WORK INSTRUCTIONS
In the material below, the lines between the one holding "Joanna Dong places" and the one holding "Golf Sport Pattern", inclusive, are to be set down word for word. Pictures stay out.

EXTRACTED MATERIAL
++++++

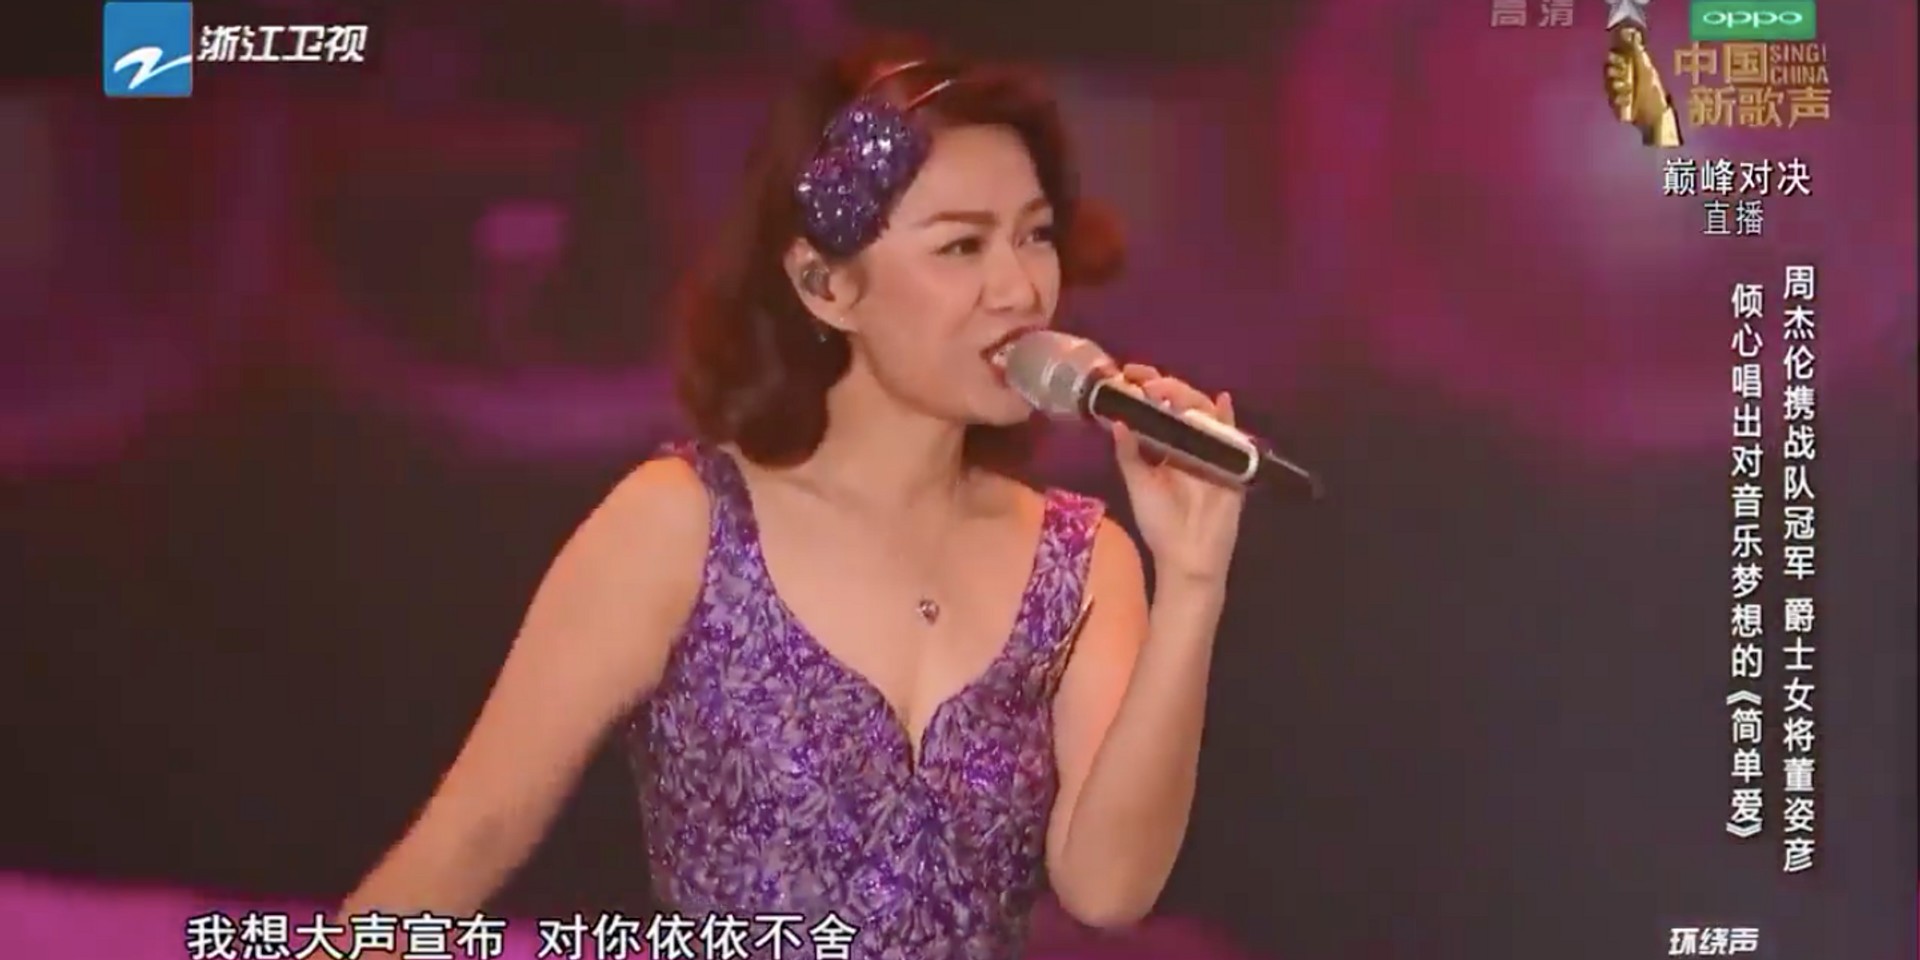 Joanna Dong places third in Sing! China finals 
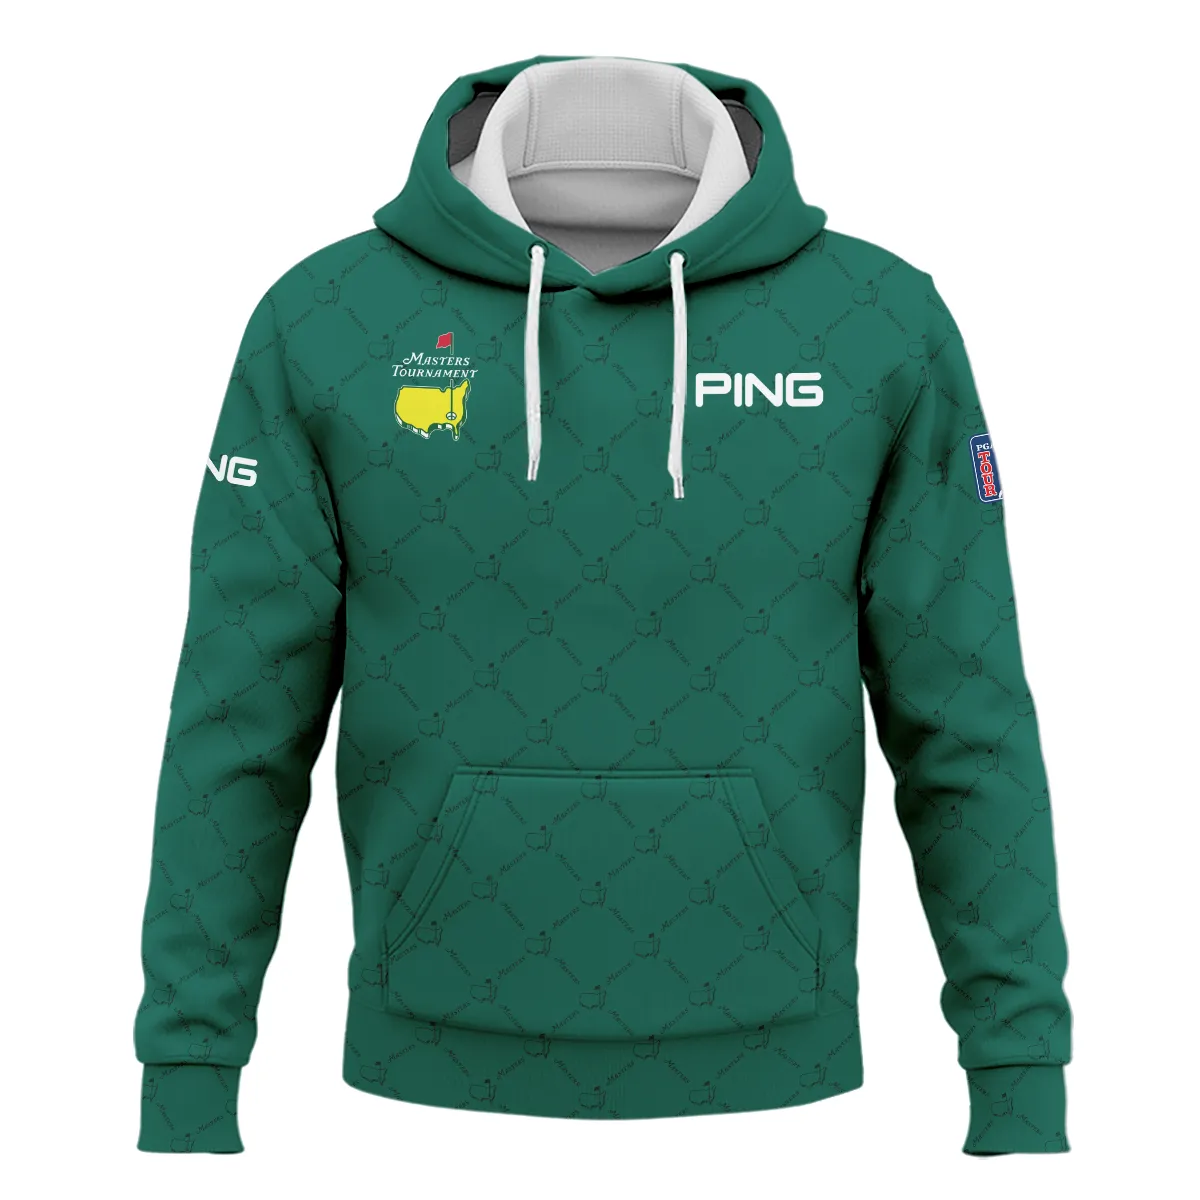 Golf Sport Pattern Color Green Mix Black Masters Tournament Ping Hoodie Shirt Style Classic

++++++

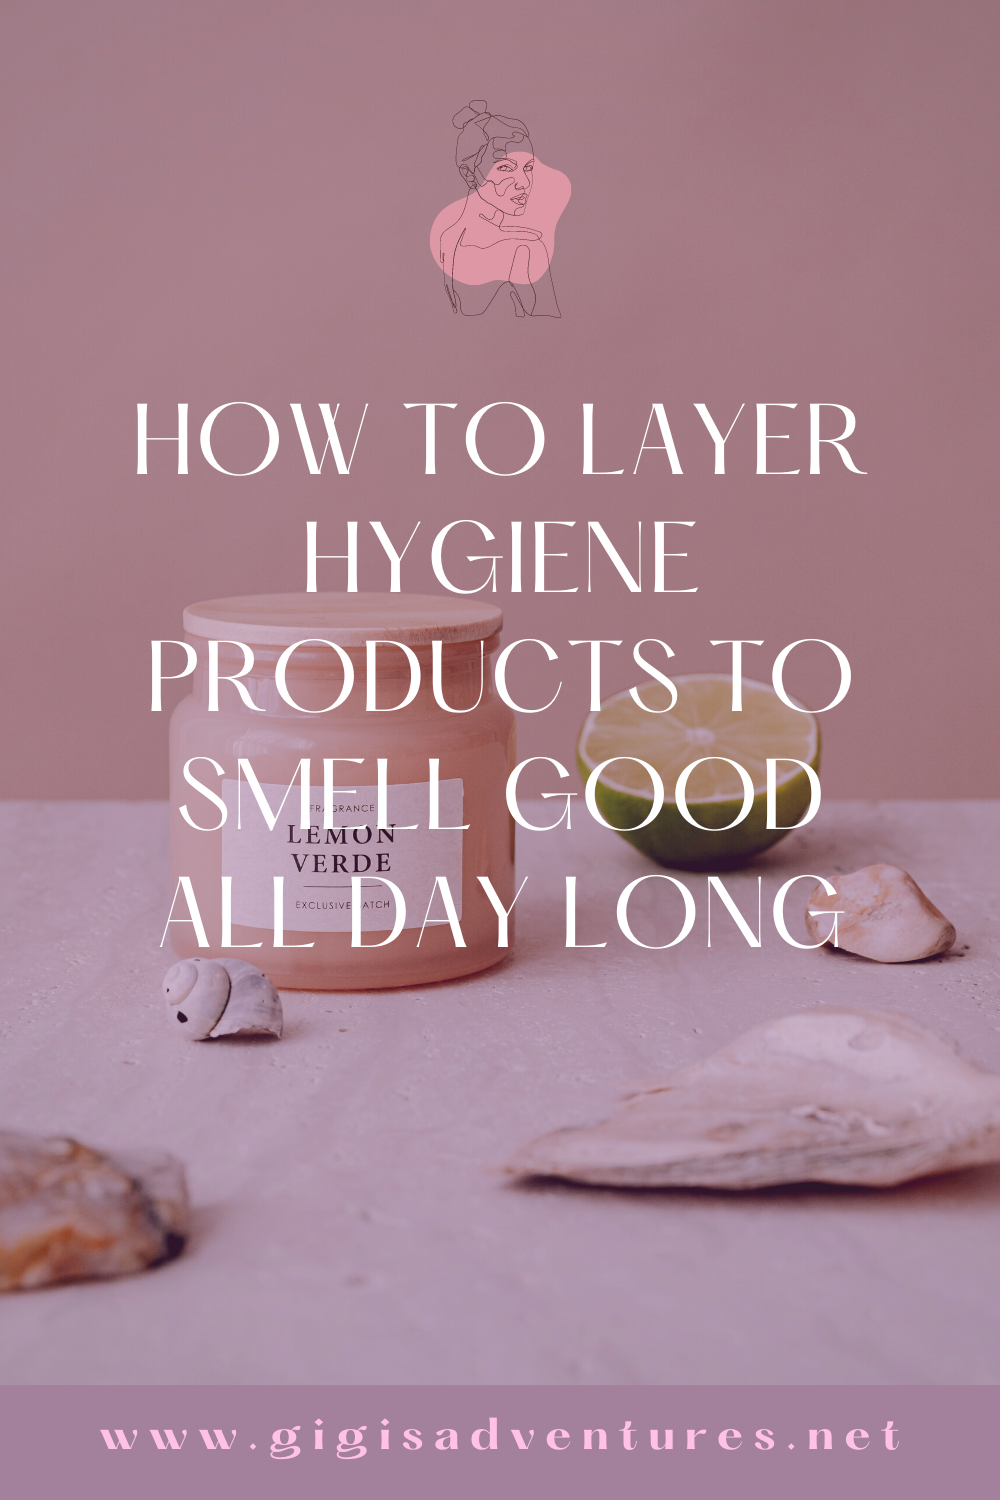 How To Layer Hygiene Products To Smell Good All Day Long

++++++

FINAL ANSWER
 Joanna Dong places third in Sing! China finals 
 Golf Sport Pattern Color Green Mix Black Masters Tournament Ping Hoodie Shirt Style Classic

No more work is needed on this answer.